- Material for the task -
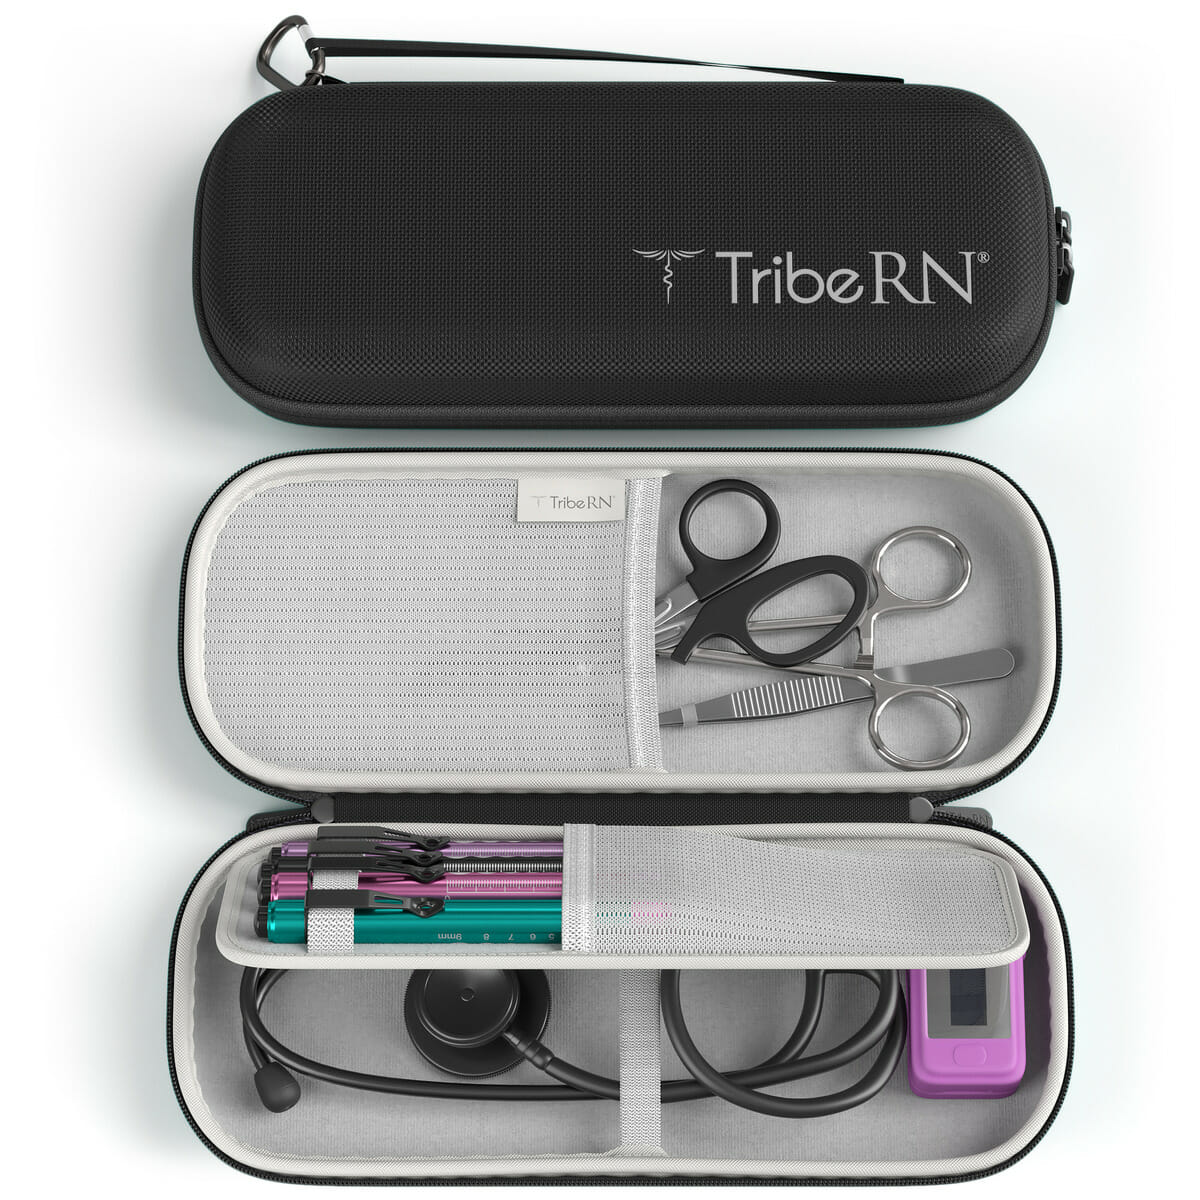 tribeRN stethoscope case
--
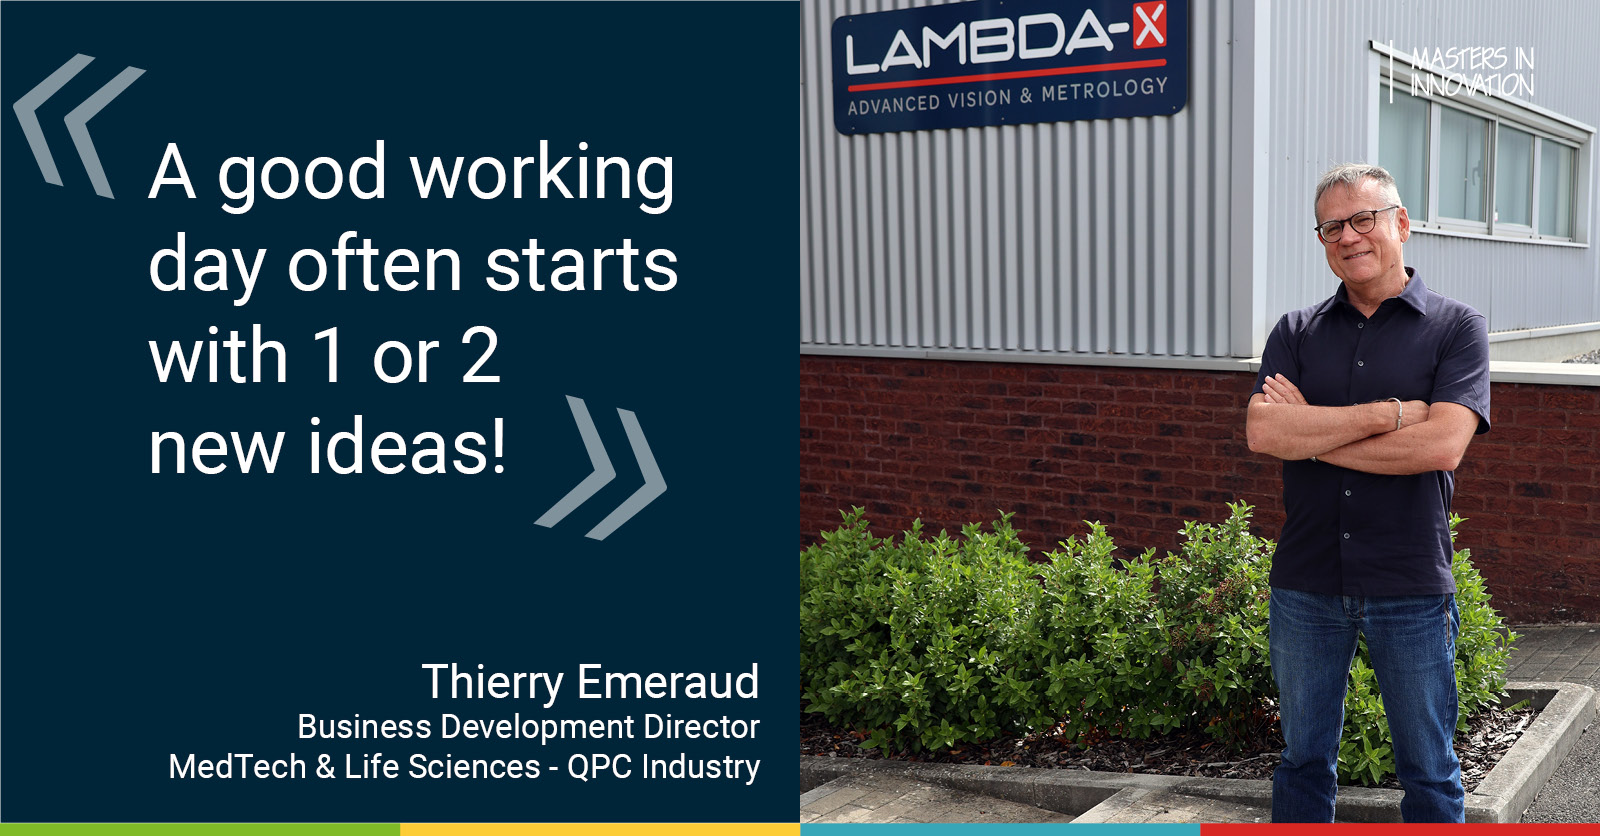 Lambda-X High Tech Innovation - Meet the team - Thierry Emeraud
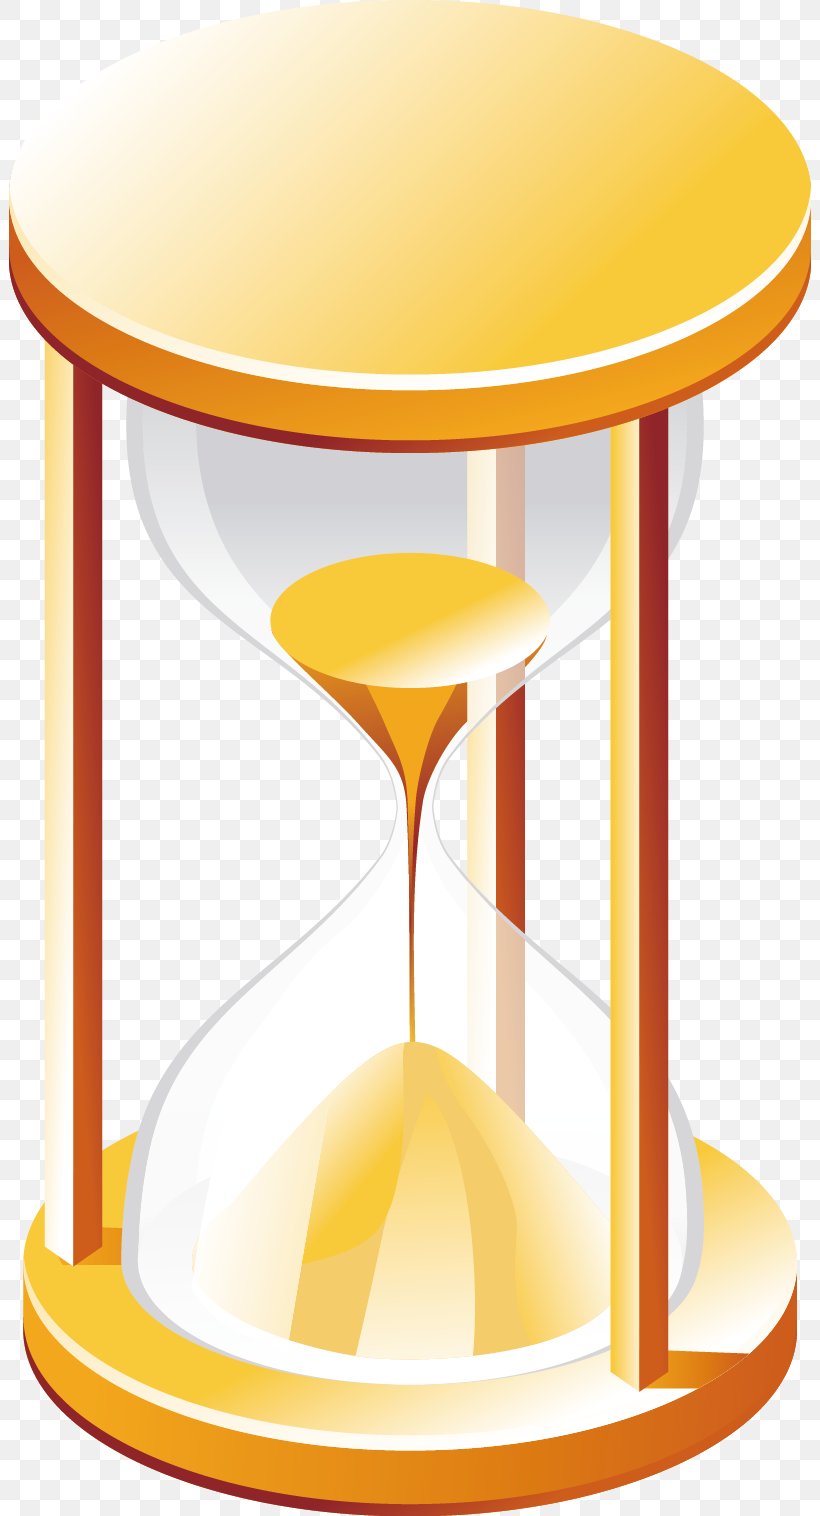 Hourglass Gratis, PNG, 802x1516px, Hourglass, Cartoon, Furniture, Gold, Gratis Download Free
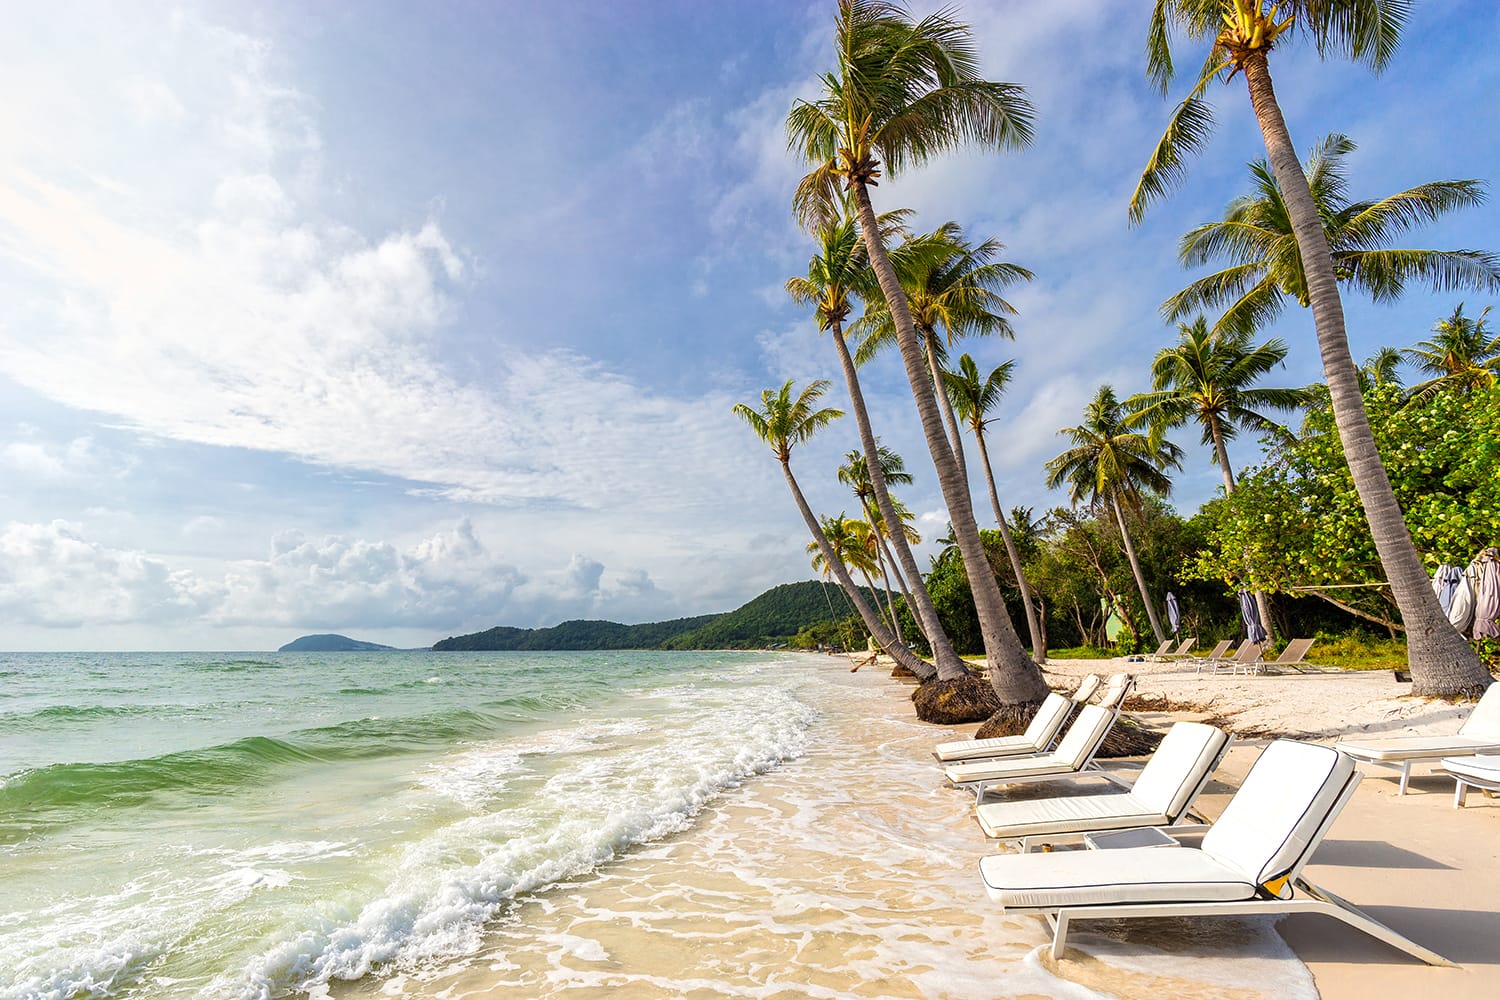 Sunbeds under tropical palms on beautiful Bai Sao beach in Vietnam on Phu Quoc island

- Task brief -
Using the data above, retype exactly the lines from the line with "Lambda-X High Tech" to the line with "Sunbeds under tropical", inclusive. No pictures and nothing else.

- Result of this task -
 Lambda-X High Tech Innovation - Meet the team - Thierry Emeraud
 Hourglass Gratis, PNG, 802x1516px, Hourglass, Cartoon, Furniture, Gold, Gratis Download Free
 Sunbeds under tropical palms on beautiful Bai Sao beach in Vietnam on Phu Quoc island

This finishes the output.